The hydrogen removing tank 91 is provided with a hydrogen gas H for removing the hydrogen gas H flowing thereinto₂The hydrogen removal device 21. The hydrogen removing device 21 includes a recess 22 formed to protrude toward the inside of the hydrogen removing tank 91, a heater cylinder base 23 screwed and fixed to a female screw formed in the recess 22, and a heater (not shown) inserted from a hole 23a of the heater cylinder base 23. A reducing part for reacting with the hydrogen gas H is formed on the heater cylinder base 23₂Water is produced by the reaction to remove hydrogen H₂. The detailed configuration of the heater cartridge holder 23 and the reducing section will be described later with reference to fig. 7.

A wall surface of the condenser 9 is provided with a connection portion 24 of the circulation passage 9a for supplying the refrigerant to the regenerator 3 (or the rectifier 6), a connection portion 25 of the pipe line 2a through which the cooling water passes, a connection portion 26 with the rectifier 6, and the like.

Next, the heater cartridge holder 23 will be described in detail with reference to a sectional view of fig. 7. In the figure, the heater cylindrical base 23 is composed of a bottomed cylindrical base portion 23b formed of a stainless material (e.g., SUS304) and a reducing portion 23c provided around the base portion 23 b. The base portion 23b is constituted by a male thread 23d and a head portion 23e which are matched with the female thread of the recess 22. The head portion 23e has a shape that matches a tool such as a screwer or wrench when screwing.
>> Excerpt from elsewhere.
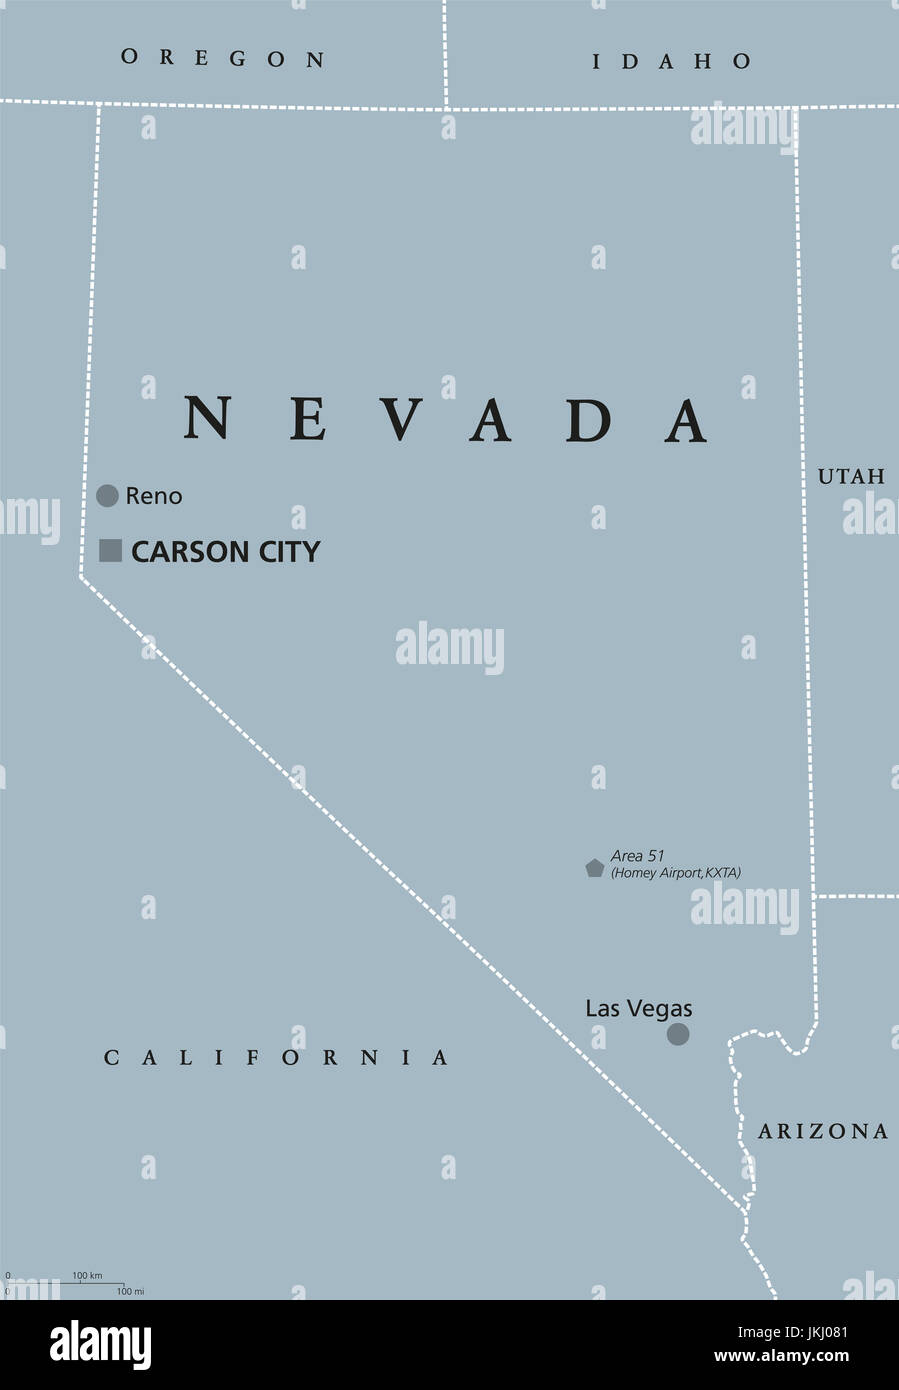 Nevada political map with Las Vegas, Reno and capital Carson City. State in the Western, Mountain West, and Southwestern regions of the United States. Stock Photo

The reducing portion 23c covers the base portion 23b, and may be formed of, for example, a fired metal oxide (hydrogen removing agent). The metal oxide may be a transition metal oxide monomer or a mixture of transition metal oxides with each other. For example, NiO is preferably used₂Monomer or with NiO₂Is a main component, and additionally mixed with Cu₂O₃、MnO₂、Al₂O₃A mixture of (a). The reducing portion 23c is not limited to a molded product of a metal oxide, and may be sintered pellets orpowder of a metal oxide. When these chips or powders are held on the base 23c, they are wrapped with the base 23c by a filter made of a net or a cylindrical body formed with a large number of through holes.

Fig. 8 is a cross-sectional view of an essential part showing a state where the metal oxide small pieces or powder are held on the base 23c by the filter. In this figure, the filter 27 is a cylindrical body having a large number of holes 28 (see enlarged view EL), and a large number of metal oxide powders or small pieces 29 are held between the cylindrical body 27 and the base portion 23b to form the reduction portion 23 c. Hydrogen H₂Flows through the hole 28 and comes into contact with the metal oxide powder or chips 29.

Fig. 9 is an external view of the heater used by being inserted into the heater cartridge holder 23. The rod heater 102 is composed of a resistor (not shown) surrounded by an insulator (sheath), and a current is supplied to the resistor through the lead 30. The rod-like heater 102 is inserted into the heater cylinder holder 23 for use, but like the example shown in fig. 2 and 3, it is not always inserted into the heater cylinder holder 23 and can be inserted and removed as needed.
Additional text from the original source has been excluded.